# attaching a java moss wall?



## lochaber (Jan 23, 2012)

Silicone could be used, but you would have to install the mesh when the tank is dry, and you'd have to have a big enough glob of silicone that it engulfs part of the mesh.

I've never had much luck using superglue on anything other then driftwood/plants and myself, but that might work. Might be too rigid...

If your tank is rimmed, you might be able to just wedge it betwixt the rim and the bottom.

How big is the tank? you can get some really big sheets that will easily cover the back of a 10 gallon, but they also tend to have a larger grid size and be that whitish/neutral color.


----------



## greaser84 (Feb 2, 2014)

I use suction cups. I like suction cups because you can remove them easily. With Silicone you'll have to add it to the tank while its empty and I'm sure it will be a pain to remove. You should consider a different moss, java moss will turn into a giant rat nest.


----------



## jbaker8484 (Sep 2, 2014)

The tank is already established so obviously I'm not going to drain it and let it dry.
It sounds like suction cups will work best. Anybody know where I could find some small suction cups?
Thank you for the input!


----------



## Freemananana (Jan 2, 2015)

Amazon.com - Darice Suction Cup without Hooks, 20mm - Picture Hanging Hardware

Amazon.com - Adams Manufacturing 9512-99-3040 Suction Cups with Hooks, 12-Pack - Utility Hooks

Amazon should have what you are looking for. Those are a couple cheap options for small suction cups.


----------



## kman (Dec 11, 2013)

Amazon, eBay, or even your LFS should all have suction cups. Just pick the one that gets them to you for the speed you need at the price you can tolerate. 

Any chance you can just wedge it place with some hardscape, though? Between sliding it all the to the glass on the bottom, through the substrate, and pretty much anything leaning on it, I'd think it wouldn't have a hard time staying put. Also perhaps some fishing line, if you can tie it off to something.


----------



## greaser84 (Feb 2, 2014)

jbaker8484 said:


> The tank is already established so obviously I'm not going to drain it and let it dry.
> It sounds like suction cups will work best. Anybody know where I could find some small suction cups?
> Thank you for the input!


Check your local arts n craft/hobby stores, They'll usually have a whole bunch of different options.


----------



## jbaker8484 (Sep 2, 2014)

kman said:


> Amazon, eBay, or even your LFS should all have suction cups. Just pick the one that gets them to you for the speed you need at the price you can tolerate.
> 
> Any chance you can just wedge it place with some hardscape, though? Between sliding it all the to the glass on the bottom, through the substrate, and pretty much anything leaning on it, I'd think it wouldn't have a hard time staying put. Also perhaps some fishing line, if you can tie it off to something.

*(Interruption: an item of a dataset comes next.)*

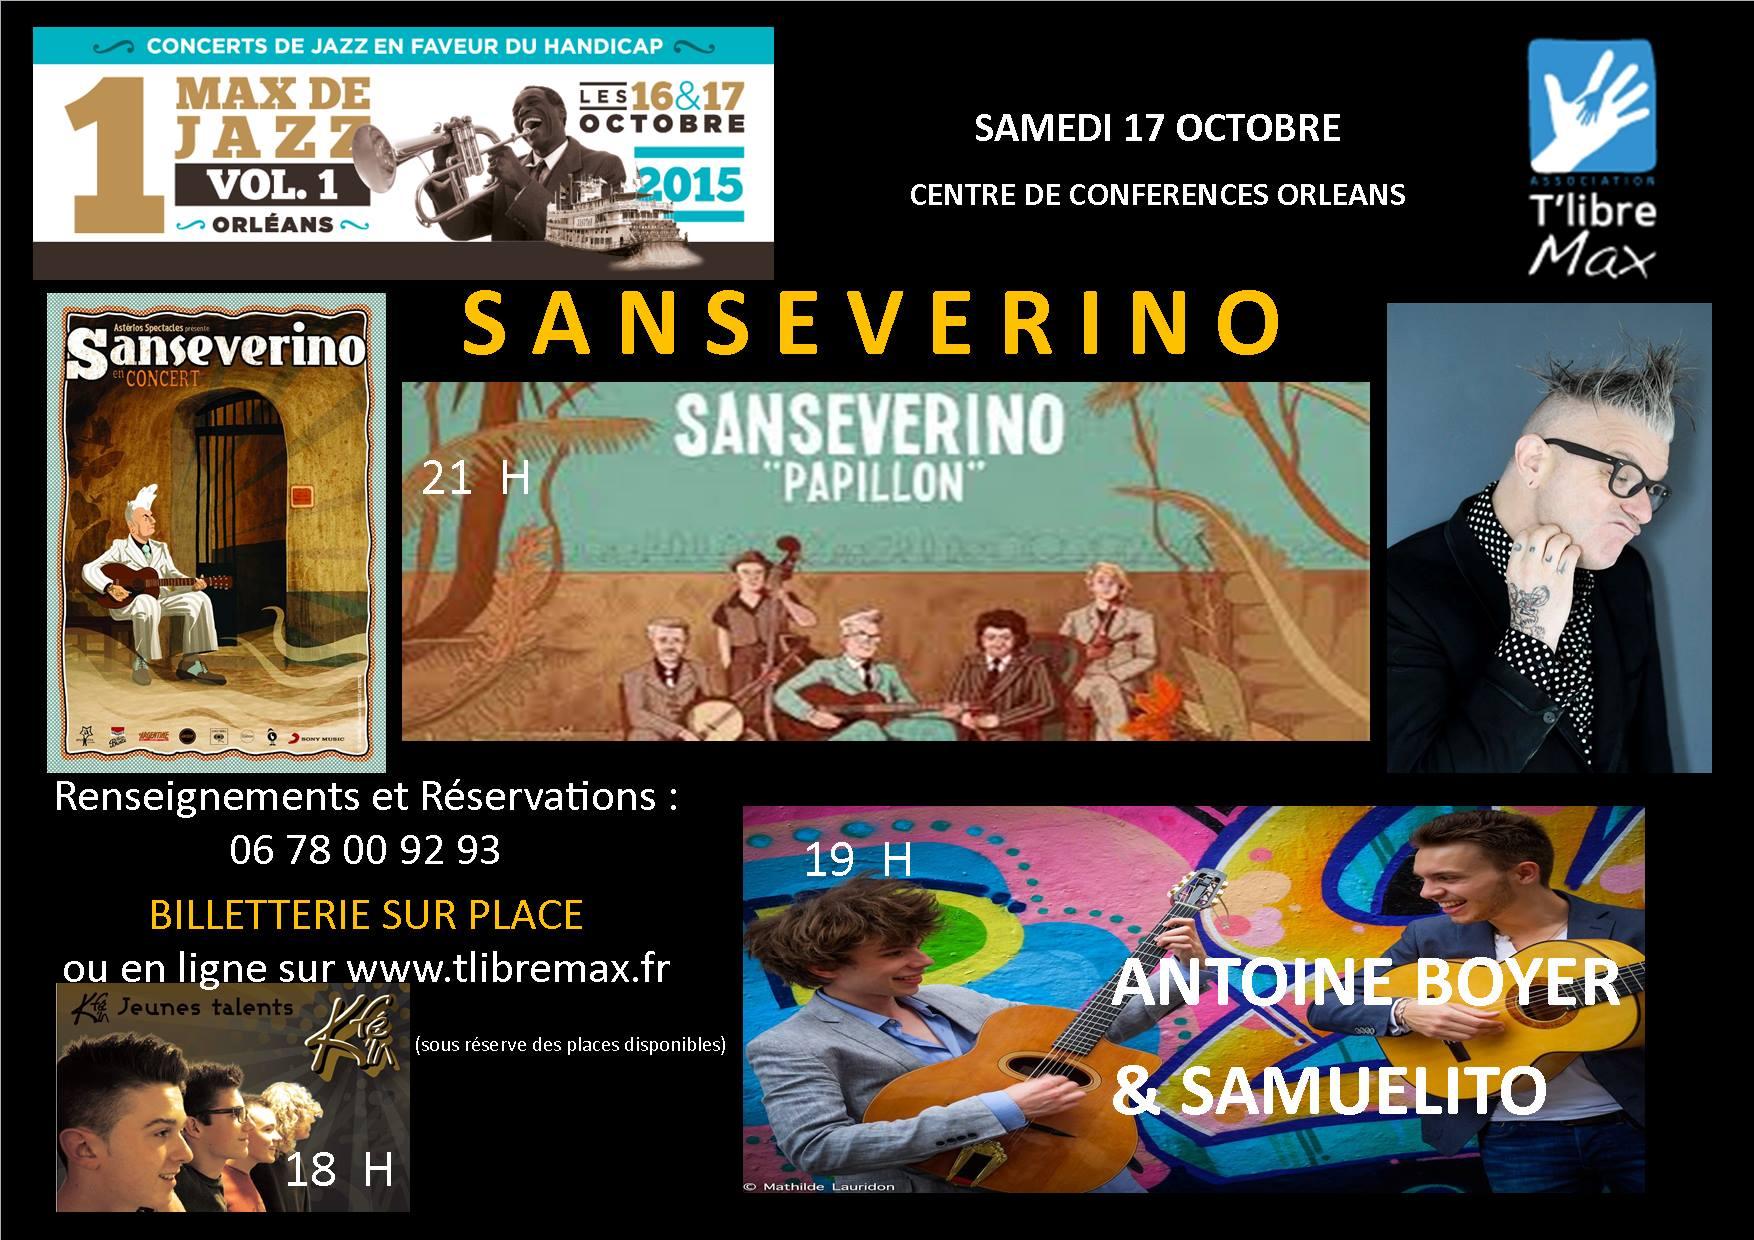 "17 Octobre 2015 Kfe'in, Antoine Boyer & Samuelito, Sanseverino à Orléans ""Centre de Conférence"""
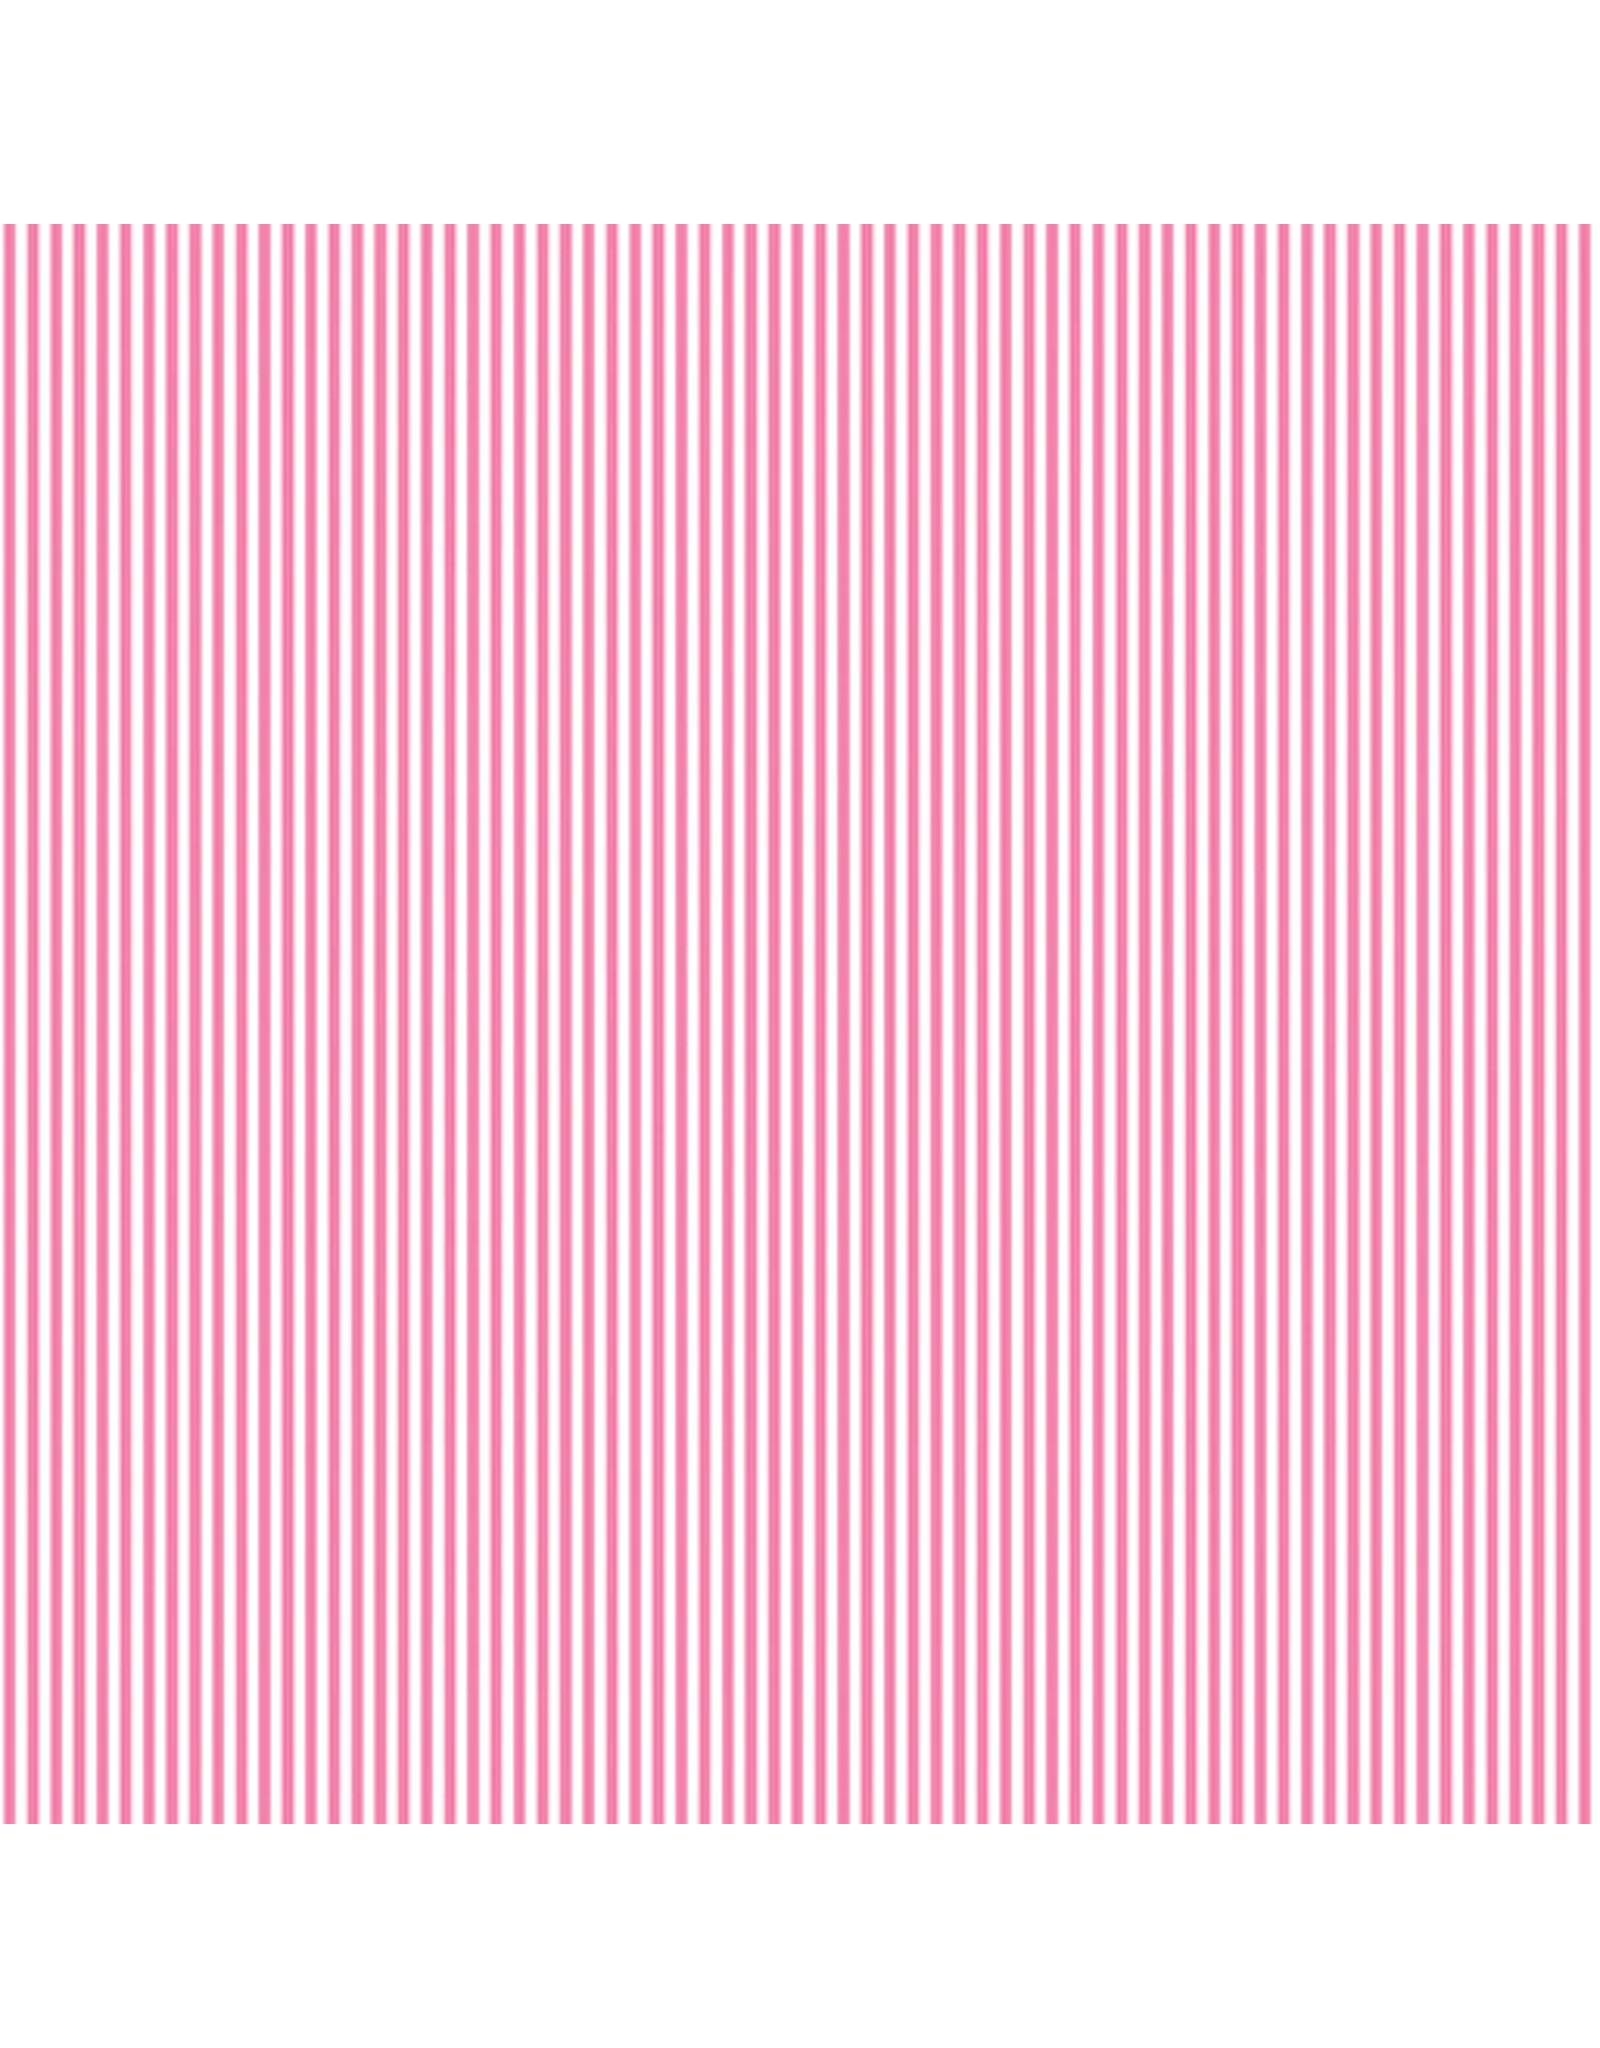 Contempo My Little Sunshine 2 - Pinstripe Pink

Pinning it between hardscape is an interesting idea. I might be able to make that work.
One thing I'm worried about is that this tank has eastern newts in it (mostly aquatic) and if they got caught behind the wall they would drown.


----------



## kman (Dec 11, 2013)

jbaker8484 said:


> Pinning it between hardscape is an interesting idea. I might be able to make that work.
> One thing I'm worried about is that this tank has eastern newts in it (mostly aquatic) and if they got caught behind the wall they would drown.


You could cut a newt-sized hole, perhaps, that they could squeeze through should they get stuck behind it. One at the bottom and one at the top should do the trick. Although if you're ending the wall 1/2" below water level as discussed earlier, to avoid any issues with stopping the overflow, they'd probably be able to get over the top no problem.


----------



## lochaber (Jan 23, 2012)

Some newts seem to like wedging themselves into things, so it's probably better to try and set it up so they can't get behind it.

Maybe even a bit of really soft foam, like ~1/4" polyurethane behind it, so that takes up any excess space?


----------